Don't be afraid to mention your business. You're excited about it, so let it show a little. Its hard to get customers if no one knows what you do. 
Good luck and make it fun.


----------



## foot print (Jun 2, 2010)

Nicola, don't be your own worst enemy.. Take it from me I to am afraid to pass out cards and answer the phone.. But I truly love being my own boss.. Car magnets work, as well as a vinyl decal on you rear window.


----------



## MartyEdward (Jun 7, 2012)

Nicola

I'm just starting to get used to giving a few cards out but still tend to concerntrate on online business, so have magnets with just web address but you'd definitely get more business with a phone number!


----------



## printingray (Apr 4, 2012)

I thinks distribute them among the people of your area! Expect business cards gives priority to banners which is best for your business outdoor marketing.


----------



## MartyEdward (Jun 7, 2012)

Make sure all your relatives have a card too!!!! And they'll always have your number at hand!!


----------



## Fixico (Dec 3, 2011)

I've also gotten seceral contacts via free listings on different web services.
Many smaller gas stations will allow you to leave a stack of cards near the registers.
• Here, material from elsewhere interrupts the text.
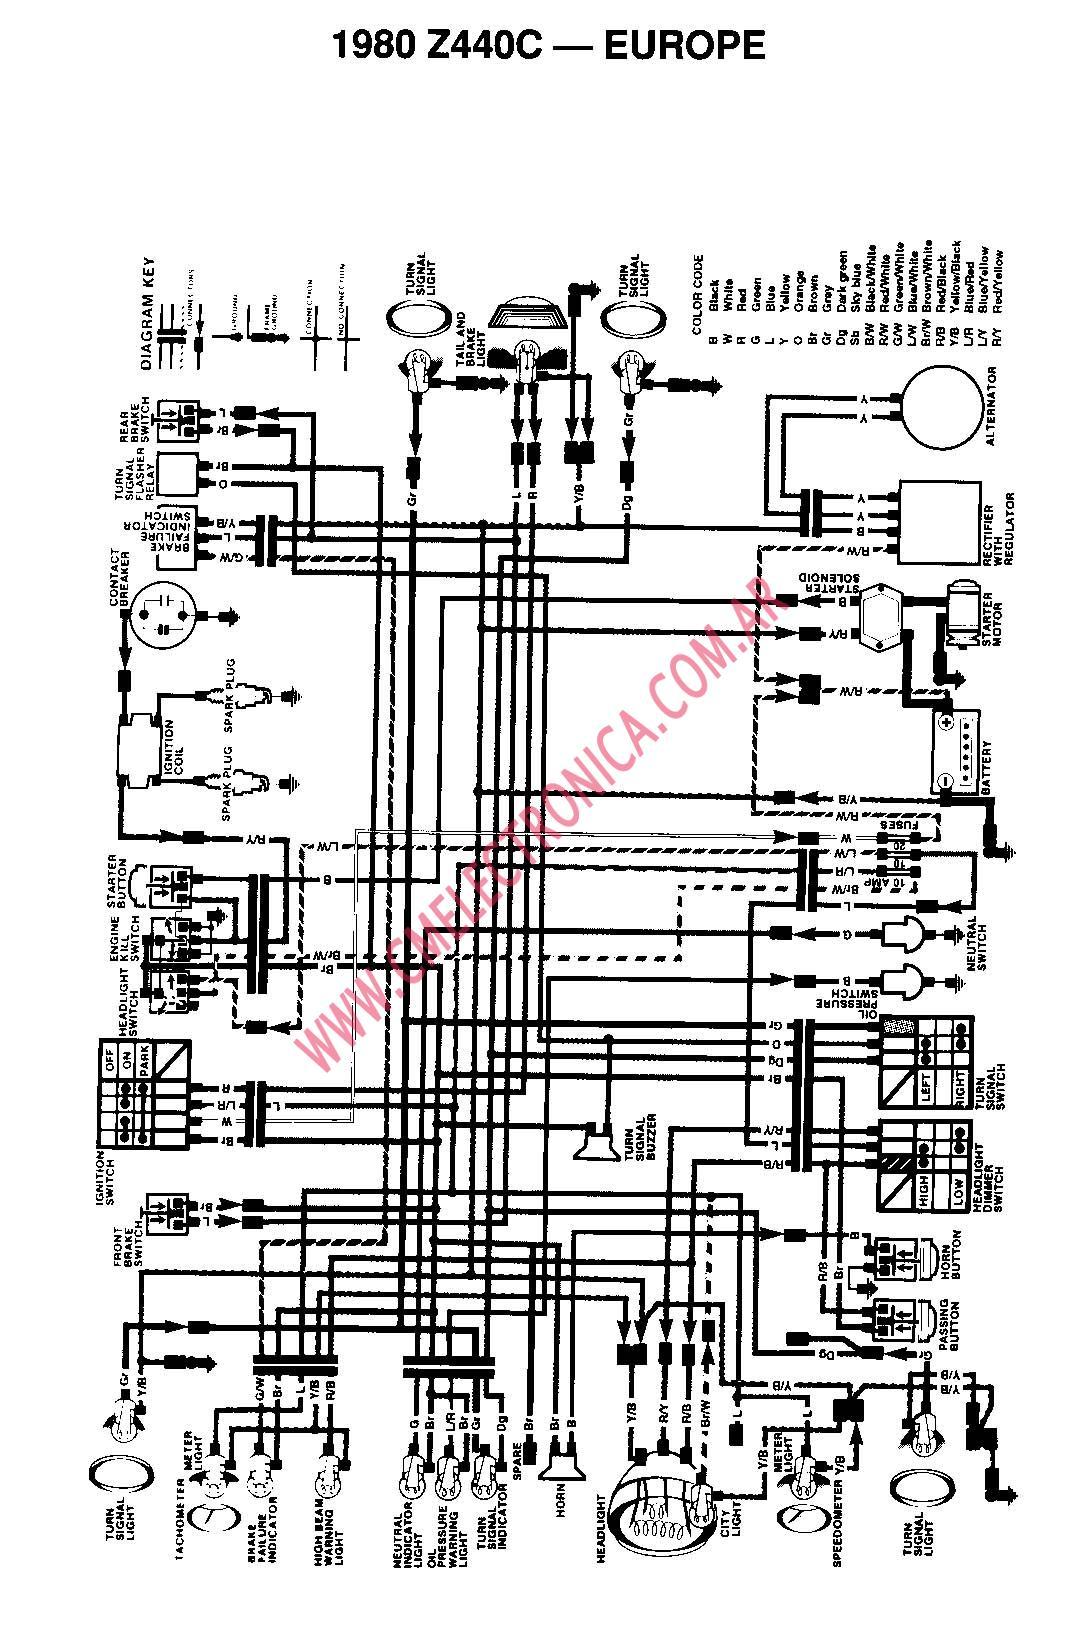 M113a3 Starter Wire Diagram Car Fuse Box Wiring Small Block Chevy Kawasaki Bayou 250 Rh Ashleylauren Co

Just ask.


----------



## safetyimprints (May 16, 2012)

Put your name on your car, make your own t-shirts or polos and wear them everywhere you go, talk to everyone and get the word out there, pass out cards and pens etc.., get a website and seo the heck out of it..


----------



## MartyEdward (Jun 7, 2012)

Hey Kris

You know I totally agree with all that and to be honest I never wear any of my own T-Shirts and that's just stupid....I will start to wear them from now on!

Cheers


----------



## printingray (Apr 4, 2012)

Not a good one to wear its own t-shirts, i thinks this is anti branding! Try to see other in your t-shirts which is called branding. Make brand your business by making some bumper stickers, t-shirts with good design which people want to wear.


----------



## ntucker (May 7, 2009)

Kris, thanks, thats a great idea. MartyEdward, i'm with you. I don't know why i didn't think of that sooner. lol


----------



## MartyEdward (Jun 7, 2012)

Very True.....!!


----------



## MartyEdward (Jun 7, 2012)

I guess it definitely makes sense Nicola...Although you can just go with Marty If you like ha ha!


----------



## ntucker (May 7, 2009)

[email protected] Marty. Have u ever used facebook to promote?


----------



## MartyEdward (Jun 7, 2012)

You must be watching me as I have a copy of facebook for Dummies on my desk at this very moment......got to get into it!! Only ever ised it for friends! Have you used it?


----------



## ntucker (May 7, 2009)

lol. I have a personal page. i try to use it to promote but no one really pays attention. So in the meantime, i write my thoughts for the day on it.


----------



## MartyEdward (Jun 7, 2012)

Ha ha!!!....although like me you dont use it properly for business...it is apparently a top tool for promoting businesses.....But in the mean time keep the thoughts going!!


----------